This week's big idea for wasting public money comes from Professor Edward Chen Kwan-yiu (Dr Dial-A-Quote) of Lingnan University, who wants Government support for something he calls logistics.
Your correspondent was always of the impression that logistics referred to the business of moving and quartering troops but Mr Chen apparently takes it to mean the business of moving goods and he is worried that Singapore is better at it than we are.
It is a shallow argument for anything - let's do it because Singapore is doing it. However, there are some crucial misunderstandings in the report from Lingnan University (it seems any school can call itself a university these days) recommending government support for logistics education.
It concedes that the industry's internal rate of return (IRR) of 6.8 per cent is lower than the opportunity cost of 7.3 per cent but then pulls out of the hat something it calls the 'social IRR' which it claims is 19 per cent.
Let's deal with that 6.8 per cent figure first. IRR is a financial calculation that equates your future discounted cash flow from an investment to the cost of that investment.

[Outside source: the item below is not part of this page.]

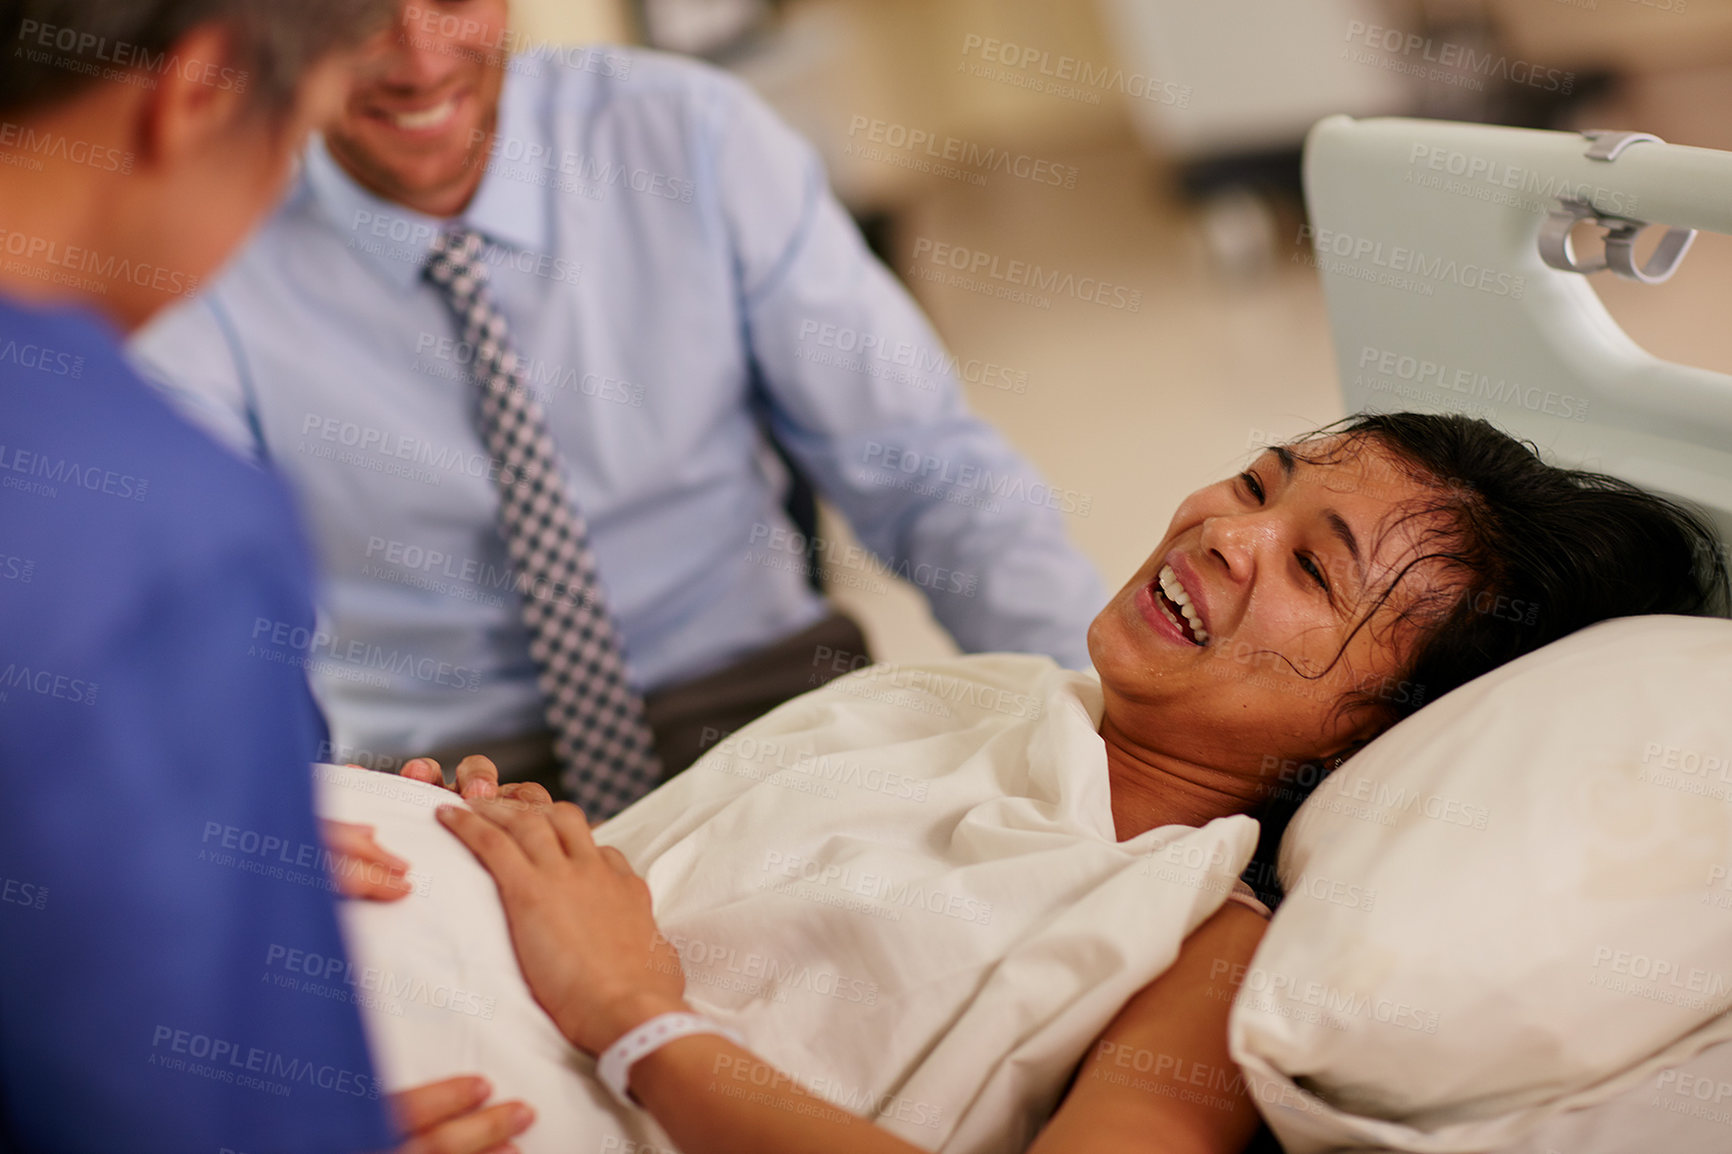 Buy stock photo Shot of a young woman lying in hospital with her husband in the background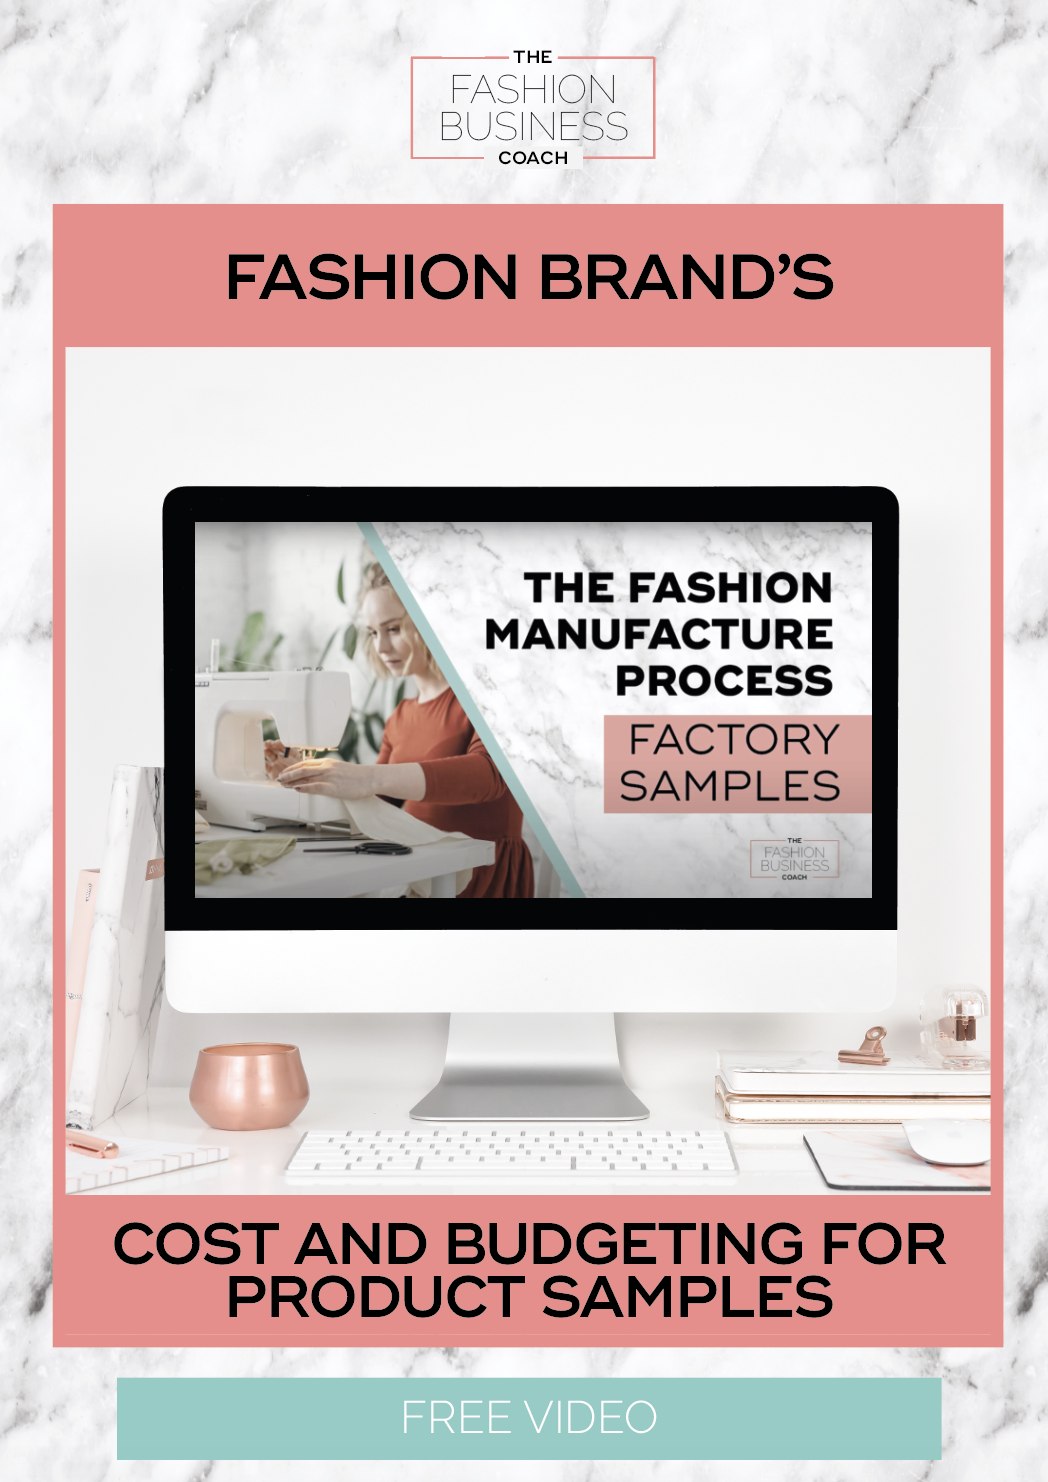 The Fashion Brand’s Cost and Budgeting for Product Samples 3.png

If this sounds more complicated than the simple price earnings (PE) ratio that you may use for investment value just remember that financial planners always use it in preference to a PE ratio.
But it does not stand on its own. You have to take into account your cost of capital. In simple terms if your annual rate of return is $6.8 on a $100 investment but you borrowed that $100 and paying an interest charge of $8.5 a year on it you will go bust unless you can improve your rate of return.